Saturday Mailbox


February 03, 2007

Army officer defied both law and orders

Paul Rockwell's column "Truth has consequences for soldier of conscience" (Opinion Commentary, Feb. 1) is misleading. Army 1st Lt. Ehren K. Watada is not facing charges for "telling the truth" or for making "public speeches on presidential decisions" or for exercising any of his other First Amendment rights.

Lieutenant Watada volunteered to become a soldier.

Along with becoming a soldier comes the duty to obey the law; in fact, Lieutenant Watada swore to obey and uphold that law when he received his commission.

Article 88 of the Uniform Code of Military Justice requires that soldiers abstain from using "contemptuous words against the president."

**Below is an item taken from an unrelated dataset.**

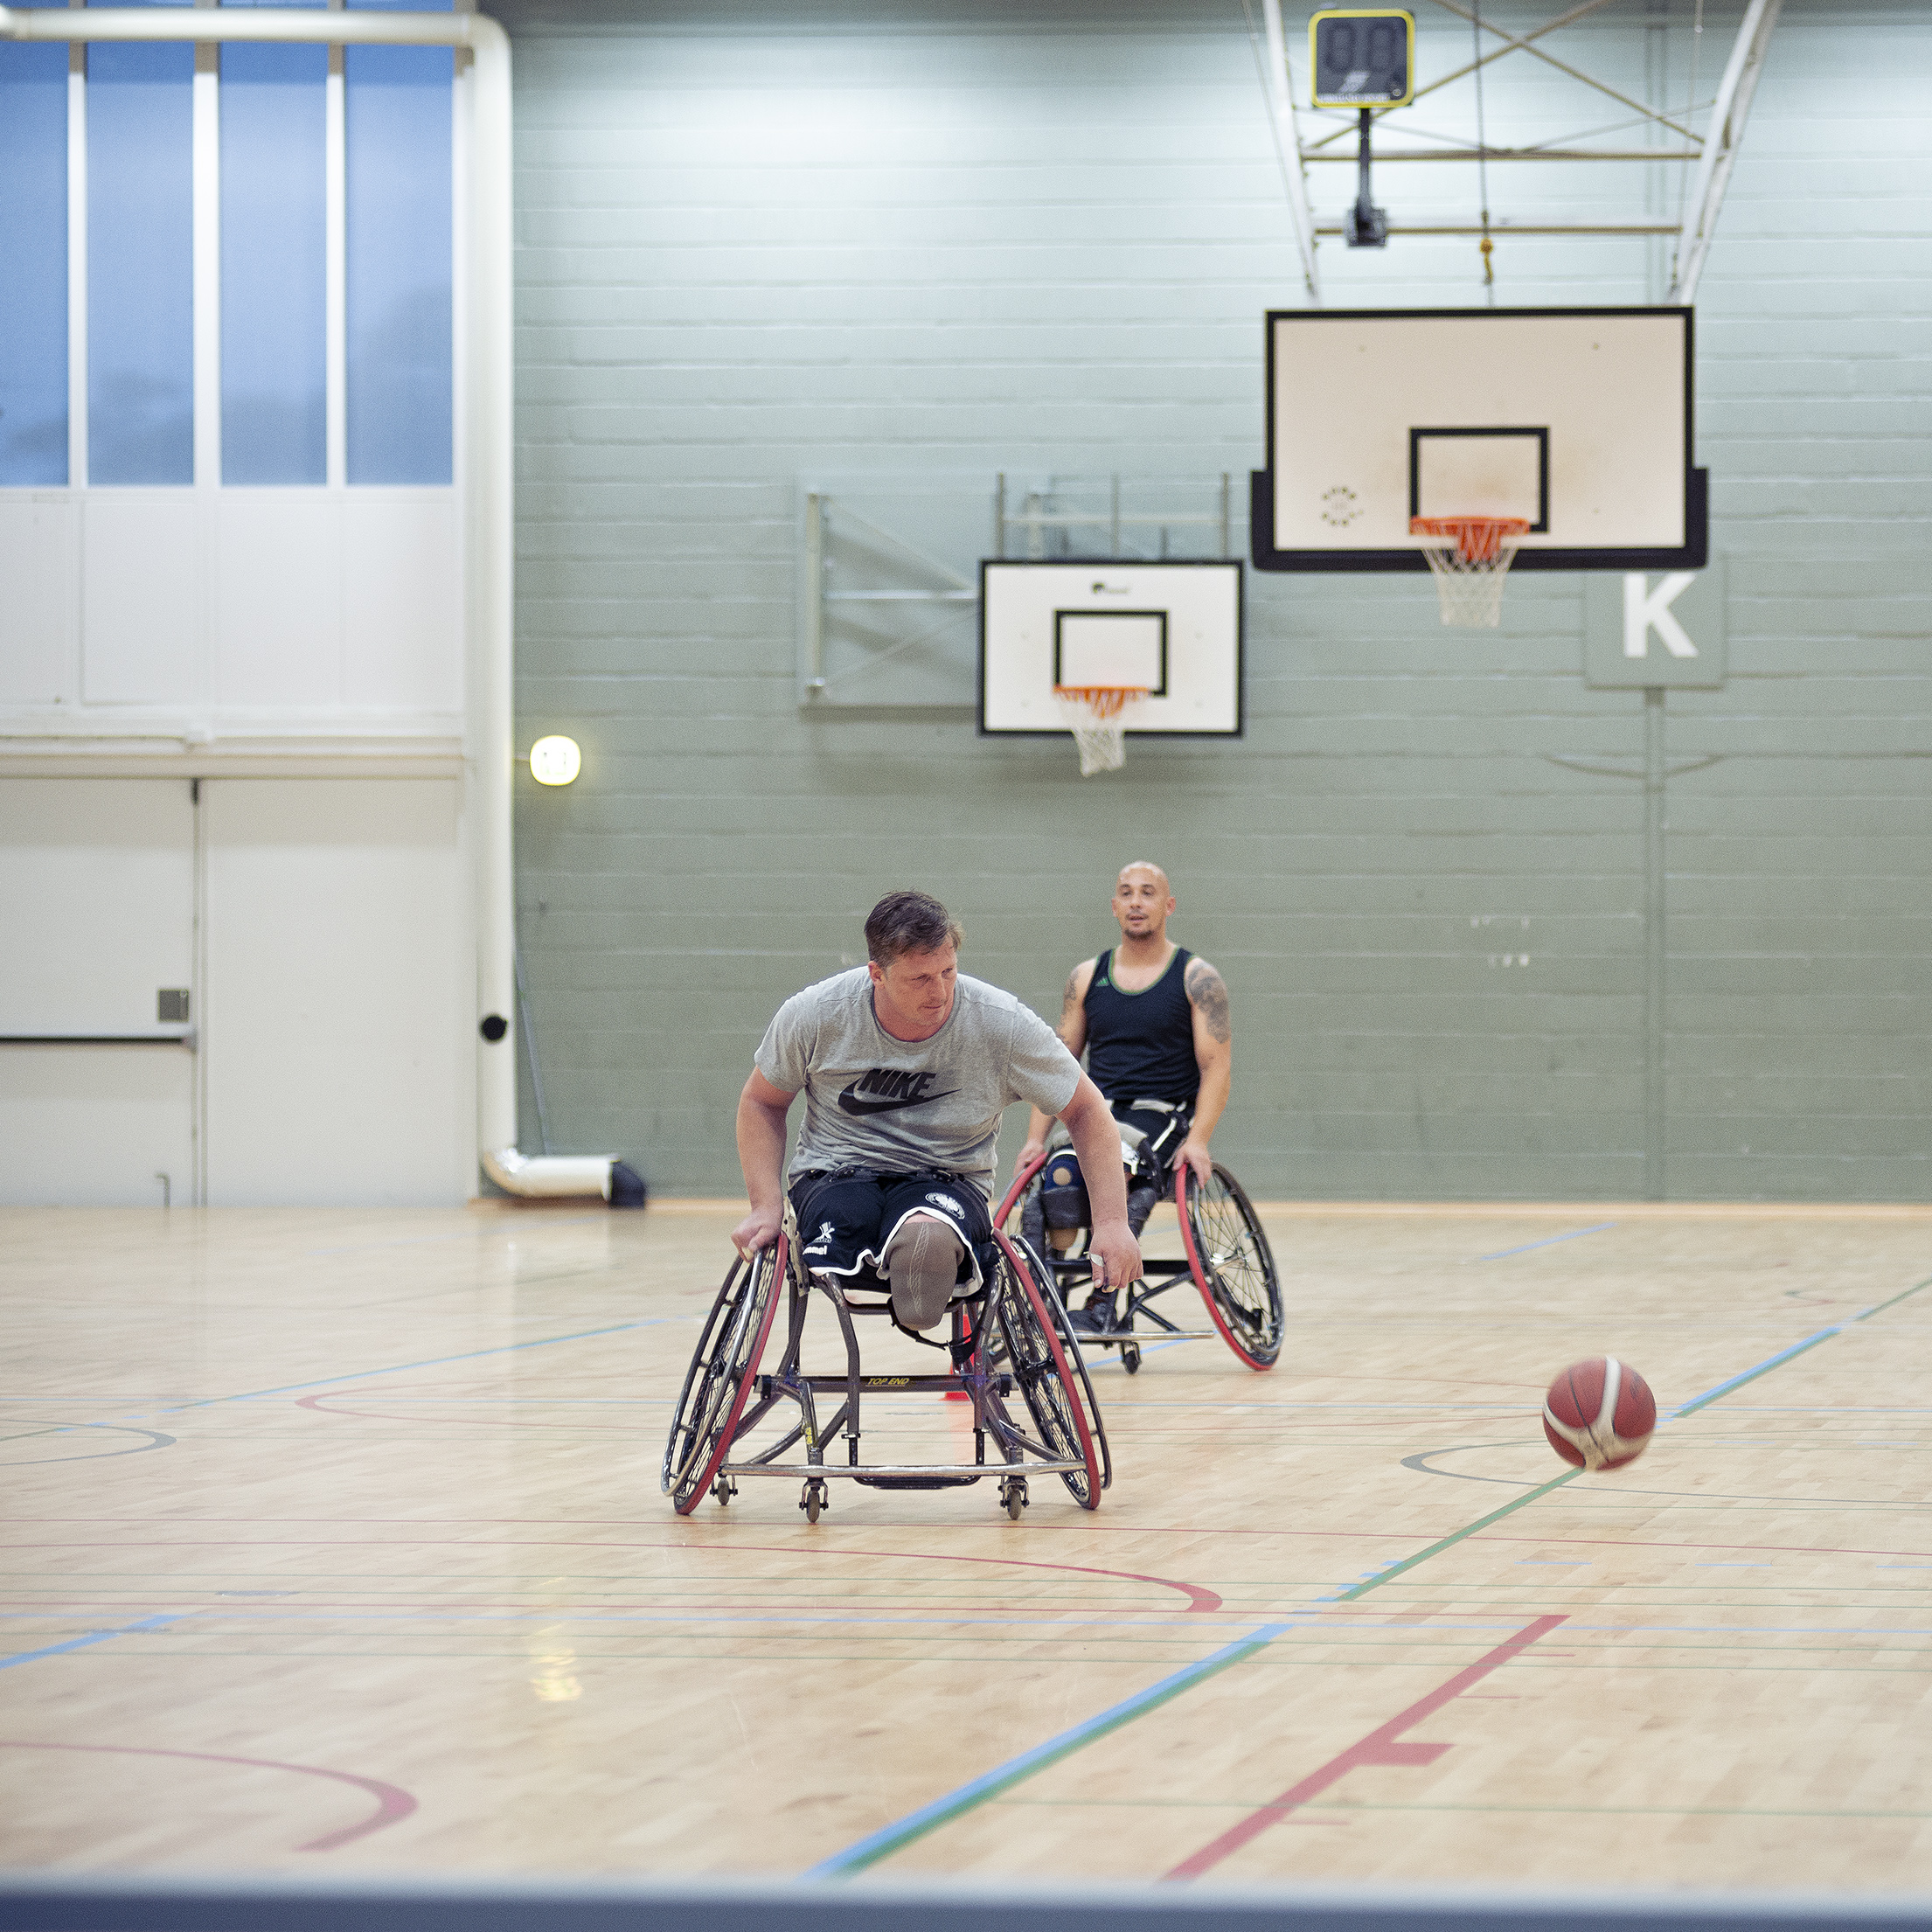 Kørestolsbasket: Mand i kørestol pisker efter bolden

Article 88 is not ordinarily used for private conversations; however, the public platform Lieutenant Watada chose for his comments makes them suitable for punishment.

Moreover, Lieutenant Watada then refused to follow his orders to deploy to Iraq.

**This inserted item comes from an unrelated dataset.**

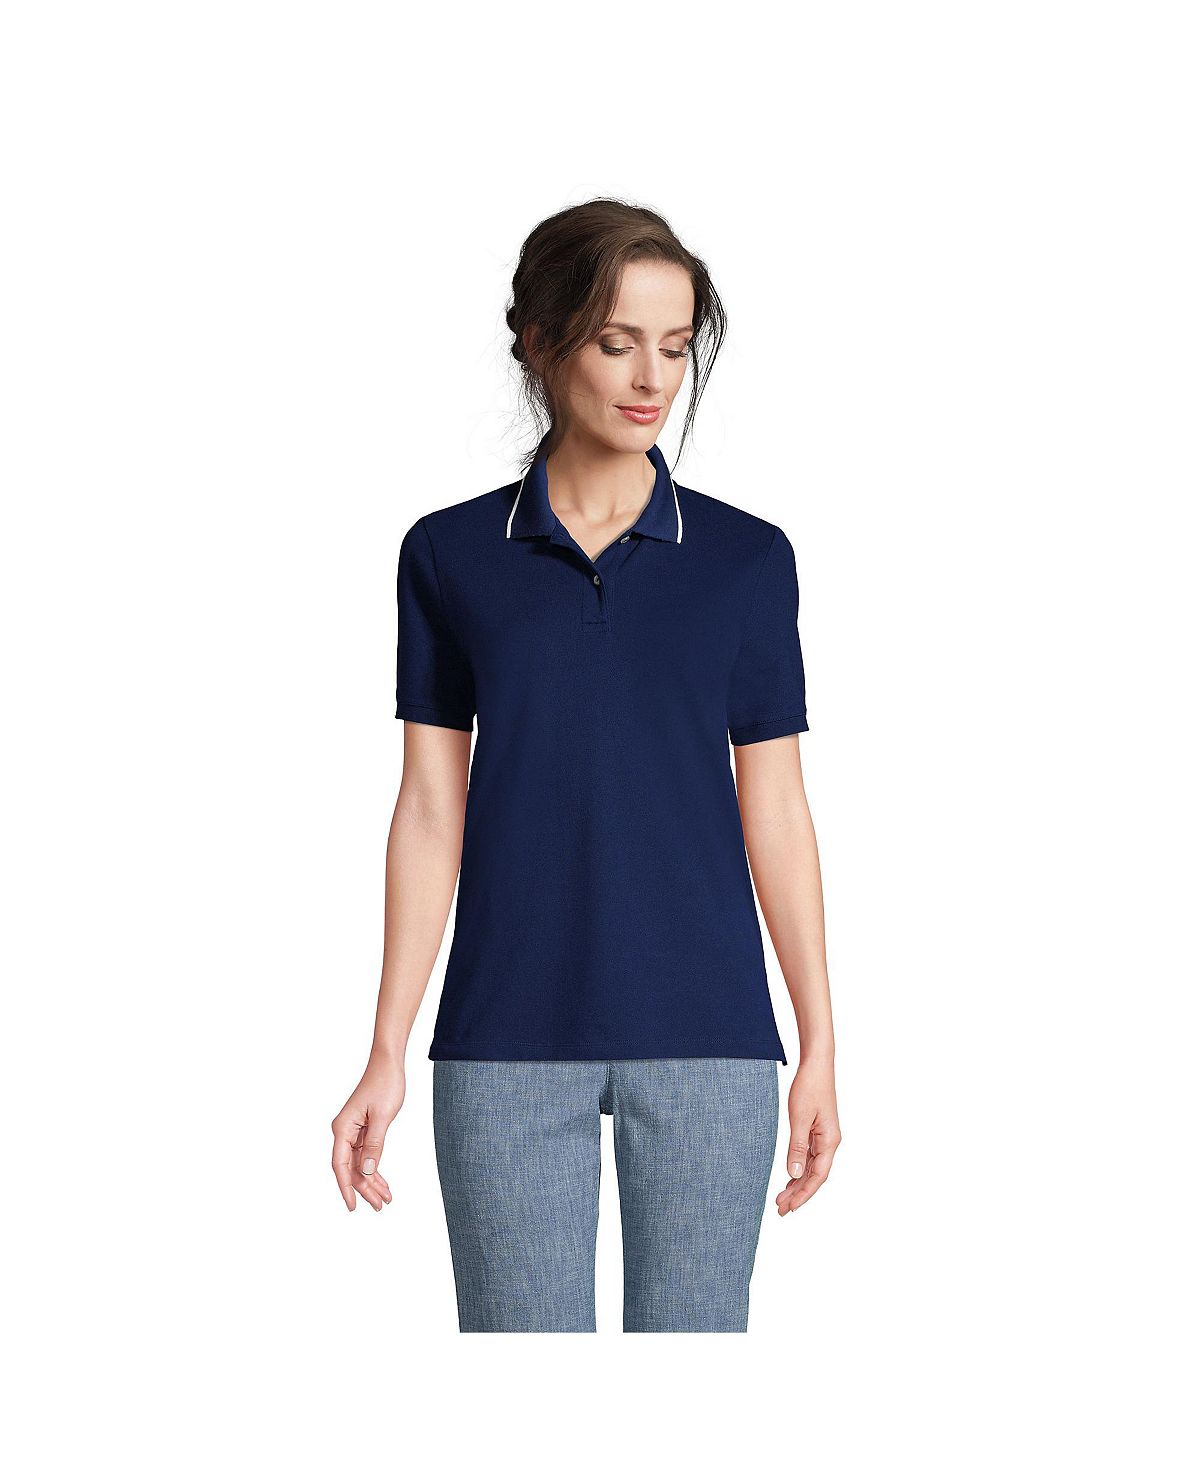 Женская рубашка-поло из сетчатого хлопка с короткими рукавами Lands' End женская рубашка поло из сетчатого хлопка с короткими рукавами lands end

Mr. Rockwell believes that Lieutenant Watada "has a right, even a duty, to disobey illegal orders."

However, neither the law's dictate to refrain from using contemptuous language nor the order to deploy is illegal.

This officer knowingly engaged in conduct unbecoming an officer that violates the law. He now faces a court-martial for that conduct.

Is Mr. Rockwell unaware that there are consequences for the choices we make?

Douglas A. Dribben


The writer is a retired U.S. Army officer.

Prosecutors owe police an apology

The Sun's article "Rape charges dropped" (Jan. 27) reported that prosecutors dropped all rape and misconduct charges against Baltimore police Officers Steven Hatley and Brian Shaffer. More important, it revealed for the first time how badly the prosecution, in my view, mishandled the case.

These officers went through hell for the past year waiting for the case to be heard.

At least three times, the prosecution requested a delay. Meanwhile, these two young officers were suspended without pay, hung out to dry and painted by the state's attorney's office as common criminals.

I hope other readers were as shocked as I was to learn that the officers wanted to testify before the grand jury last year, but prosecutors declined.

Guilty people don't volunteer to go before the grand jury.

The officers also waived their right to remain silent and gave statements to sex crimes and internal affairs investigators. But they could not speak out publicly until now because of a gag order imposed by the court.

To me, this case has parallels to the Duke University lacrosse team rape case, in that the prosecution played politics with people's lives, disregarded facts that suggested these officers had committed no crime, and caused perhaps irreparable damage to the reputation of two of Baltimore's finest.

I was impressed with the way the officers and their attorneys handled themselves throughout this ordeal. I hope they can pick up the pieces and put their lives back in order.

This may be wishful thinking on my part, but at a minimum, it seems to me that the state's attorney's office owes these officers a public apology.

That could go a long way toward righting a terrible injustice.

Jim Scott


Hemorrhage a rare dialysis dilemma

On behalf of the Maryland Commission on Kidney Disease, I am responding to The Sun's article "Dialysis deaths prompt warning" (Jan. 25).

Incorrect information was used in describing the public health alert concerning deaths caused by vascular access hemorrhage in dialysis patients over a six-year period.

There are approximately 7,500 dialysis patients in Maryland. The rare complication described in the article affects about four patients annually, or about 0.05 percent per year.

The Maryland Kidney Commission has been on record since October 2006 as recommending education for dialysis patients and the development of lifesaving measures to prevent deaths from vascular access site hemorrhage.

More research is required to identify and prevent the underlying causes of this potentially fatal complication.

Dr. Roland C. Einhorn


The writer is the chairman of the Maryland Commission on Kidney Disease.

Still far from equity for public officials

Karen Hosler's Editorial Notebook "Where the girls aren't" (Jan. 20) hits the nail on the head as to the primary reason that the United States and the state of Maryland do not have gender equity among elected officials.

As she explains, representatives in parliamentary systems - unlike our elected officials - do not have to mount expensive, time-intensive campaigns for office.

European countries with greater gender equity in political office also have high-quality child care programs and other policies that assist families with children, allowing women the time and energy to participate more fully in the work force and in politics.